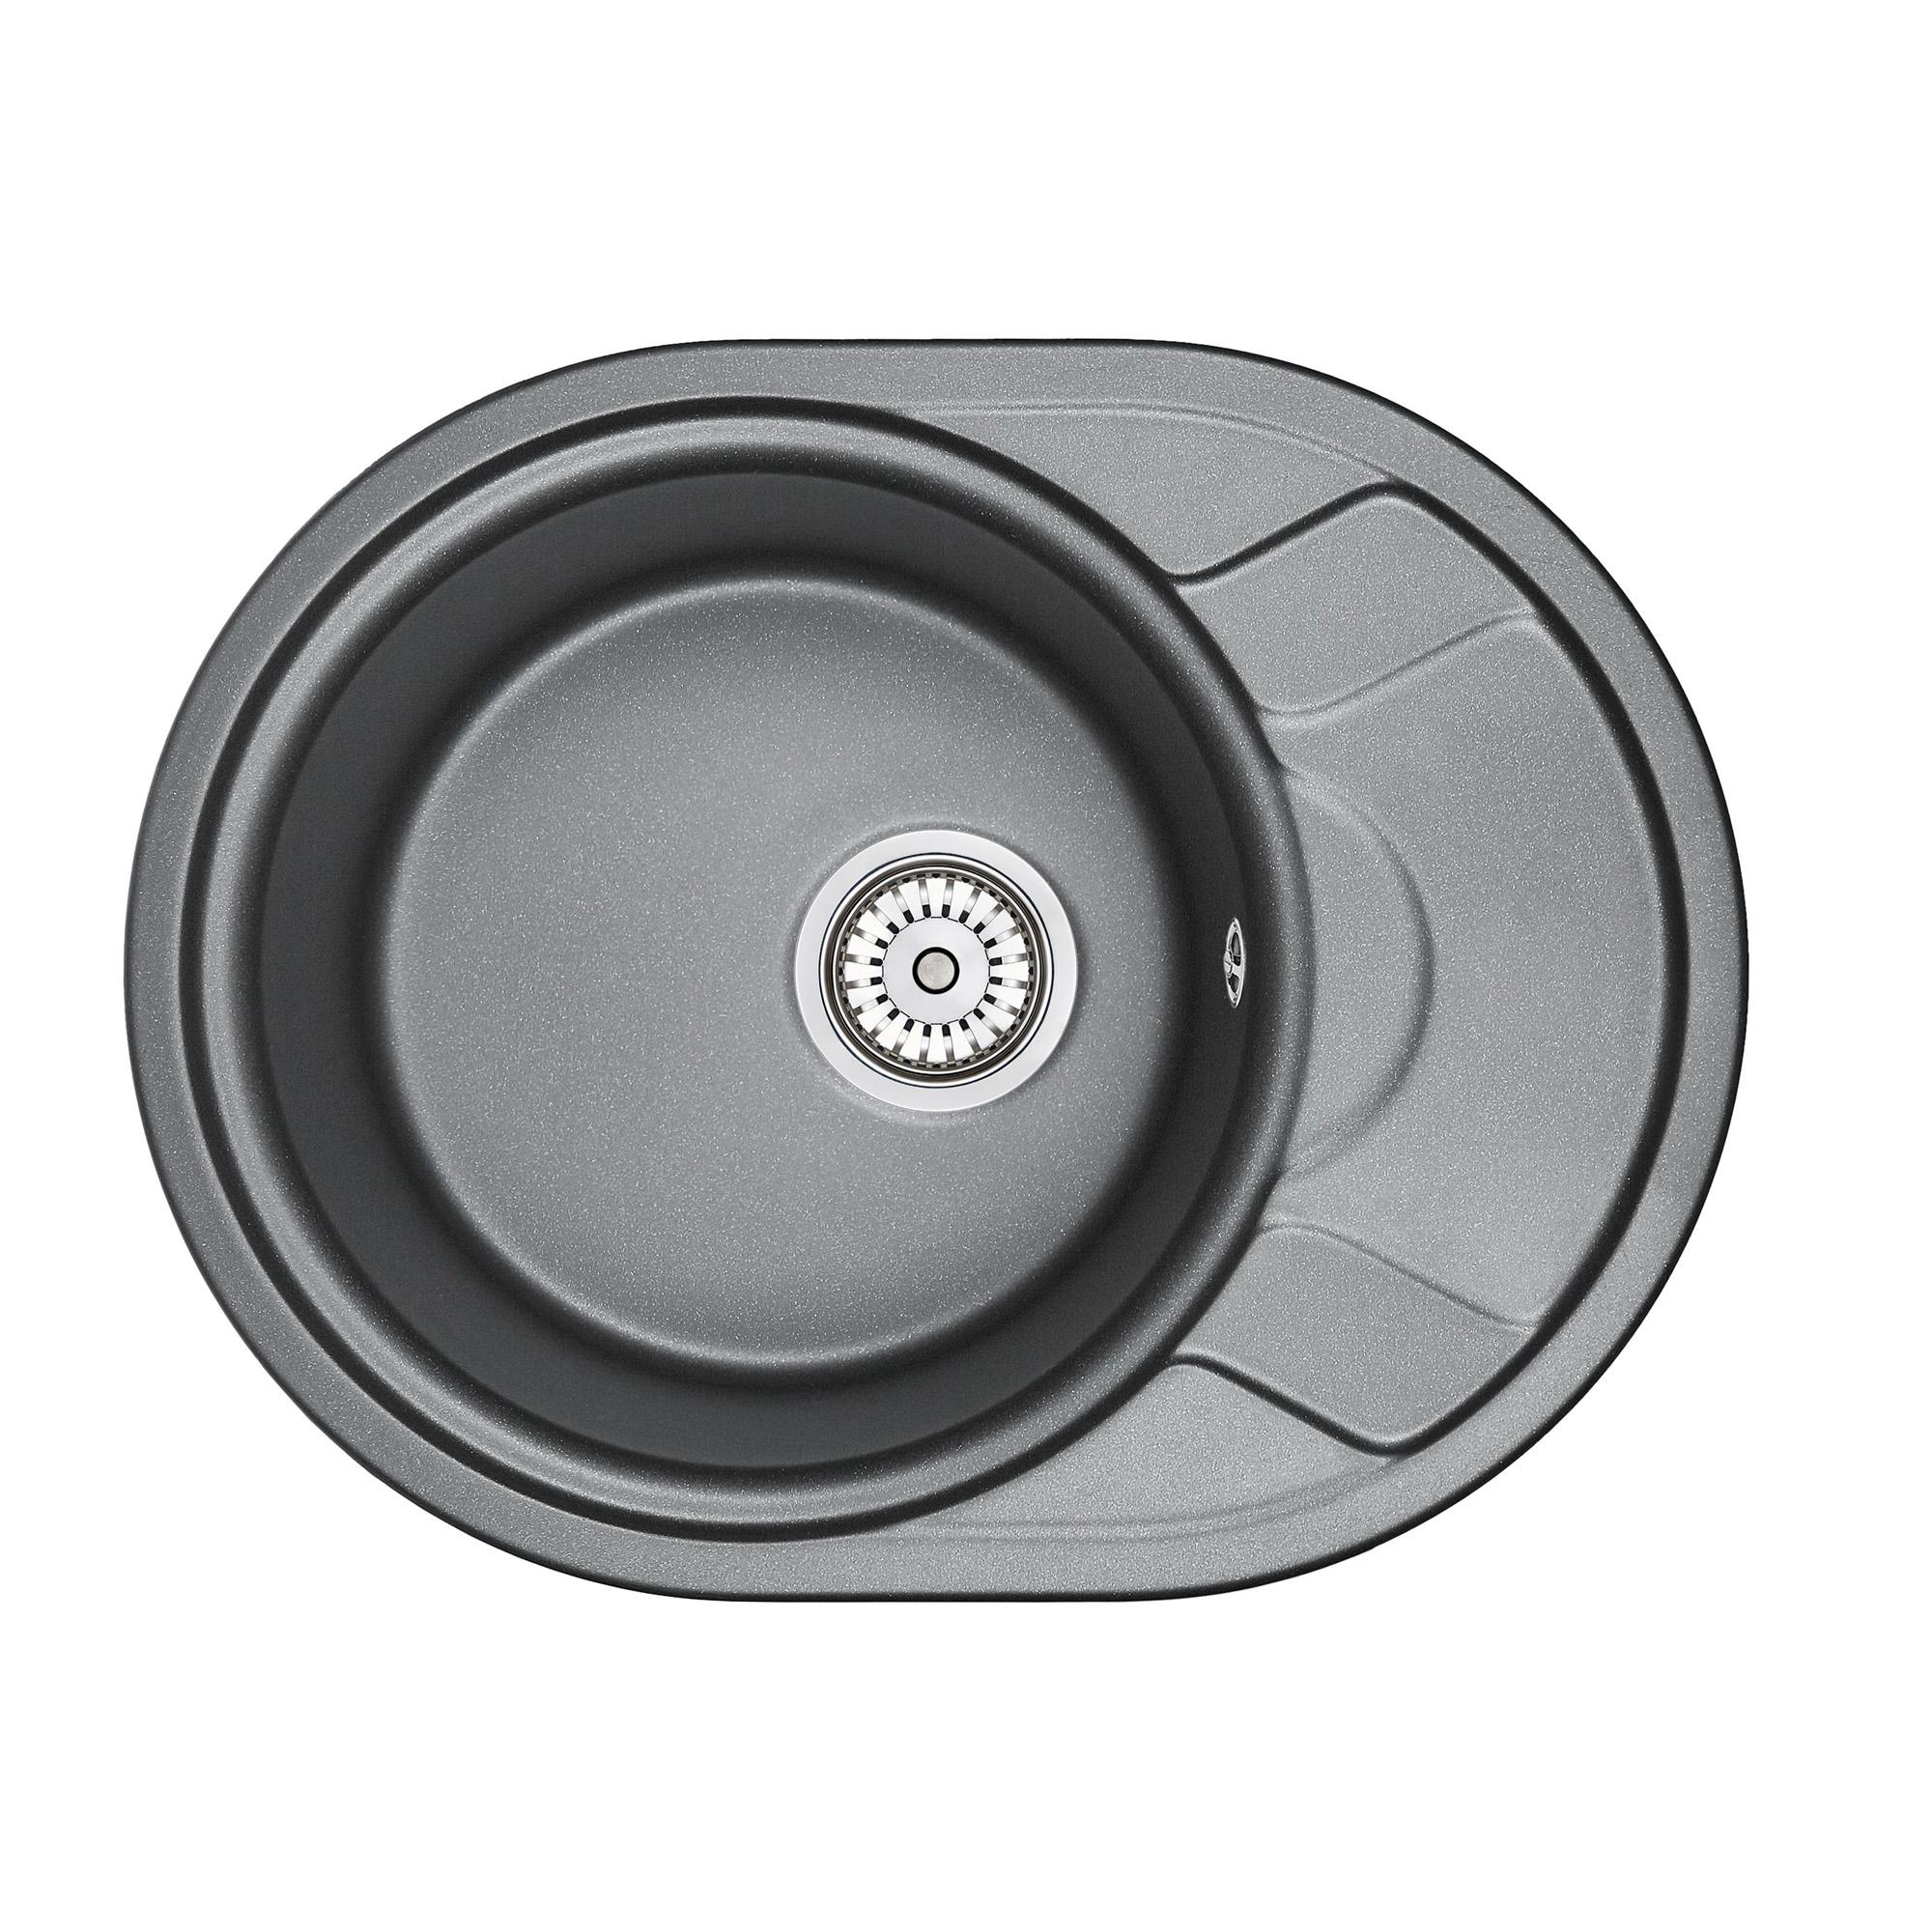 Кухонная мойка Granula GR-5802 575х445 шварц смеситель для мойки granula 1124 шварц
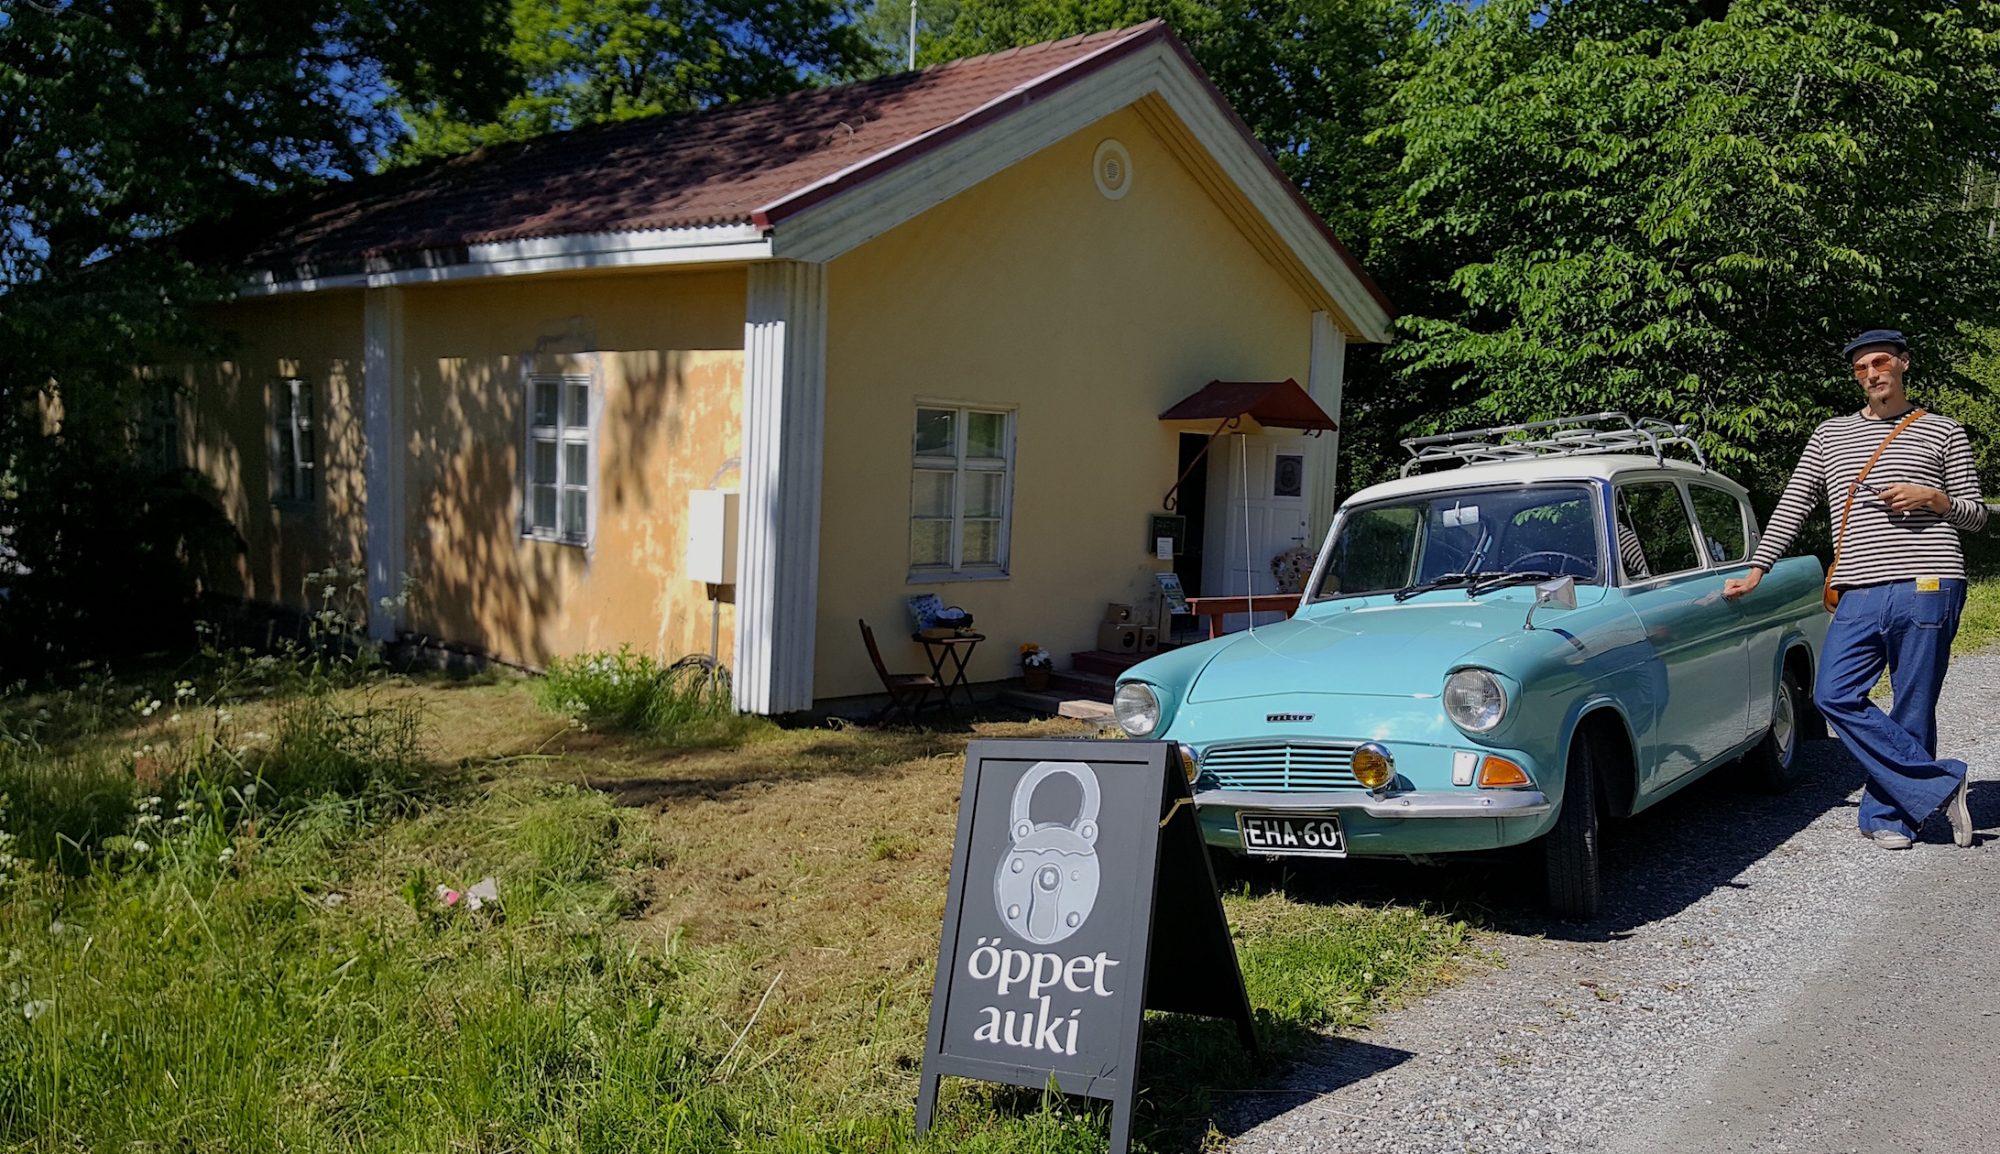 Björkboda Låsmuseum
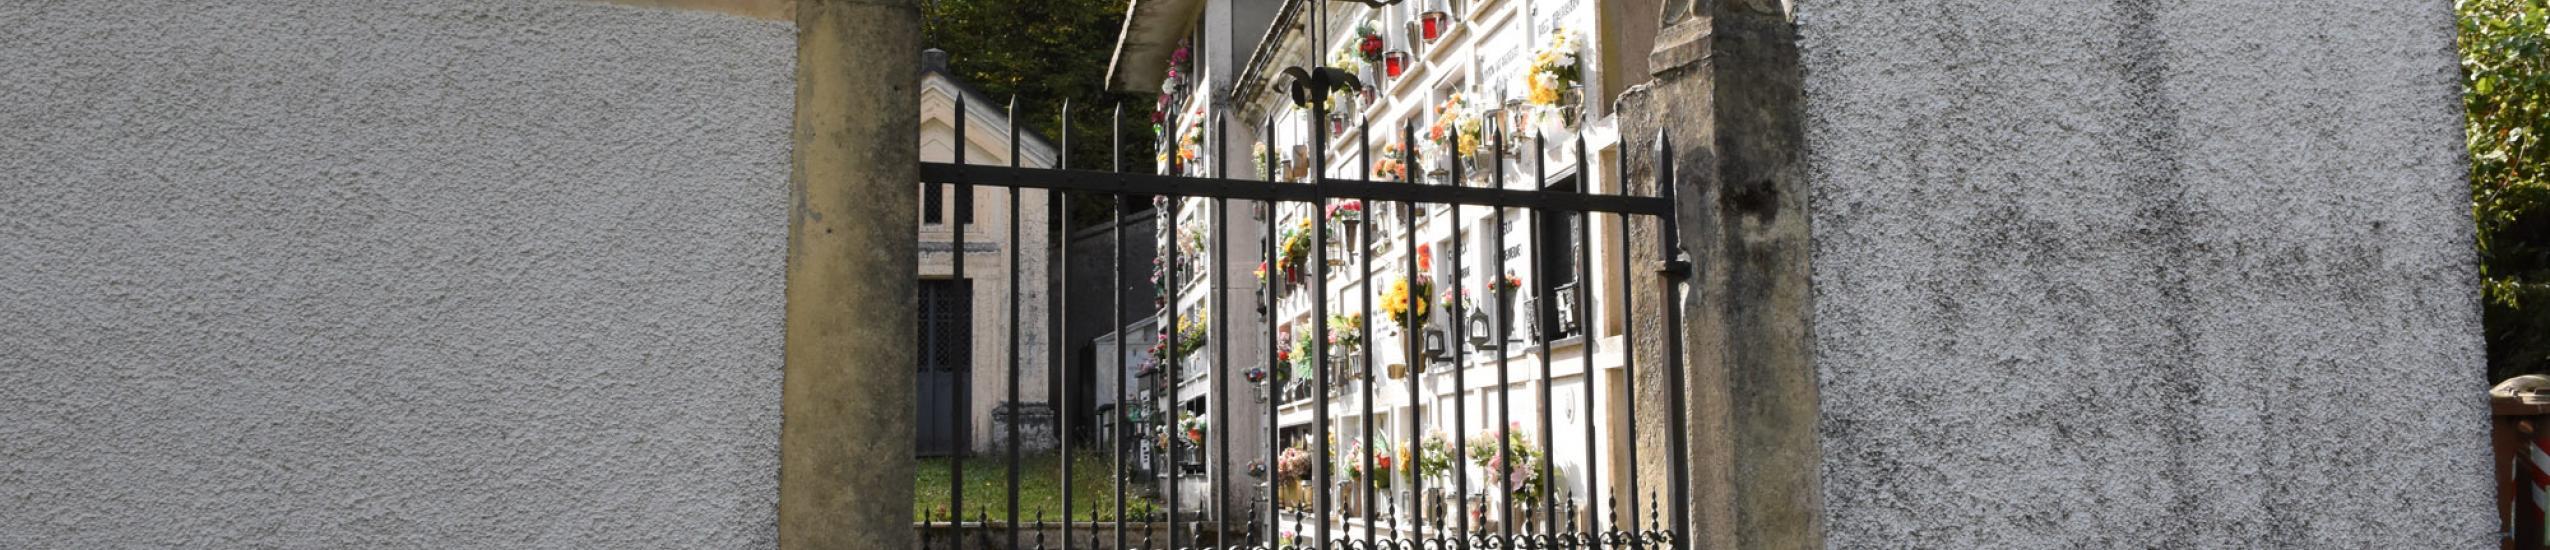 Cimitero di Costagnelo
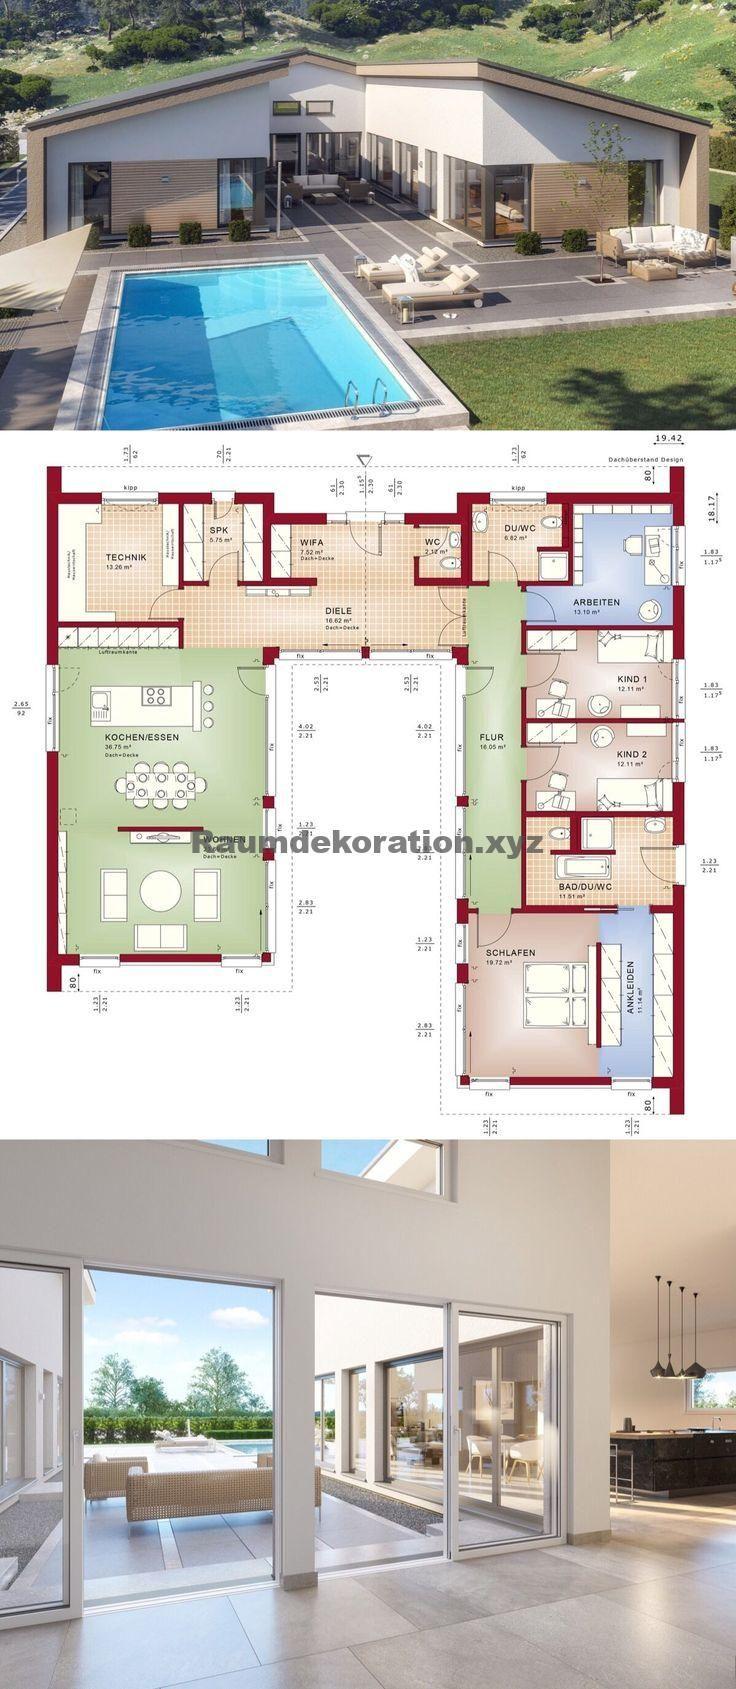 Architektur Ideen Bungalow Haus Mit Satteldach Architektur Innenhof 5 Zimmer Grundriss Ebenerdi Architecture Courtyard Building A House Architecture House
=-=-=-=-=
Going from the line with "Cimitero di Costagnelo" to the last line of the listing, write out each line exactly and nothing else. Leave out all pictures.

 Cimitero di Costagnelo
 Architektur Ideen Bungalow Haus Mit Satteldach Architektur Innenhof 5 Zimmer Grundriss Ebenerdi Architecture Courtyard Building A House Architecture House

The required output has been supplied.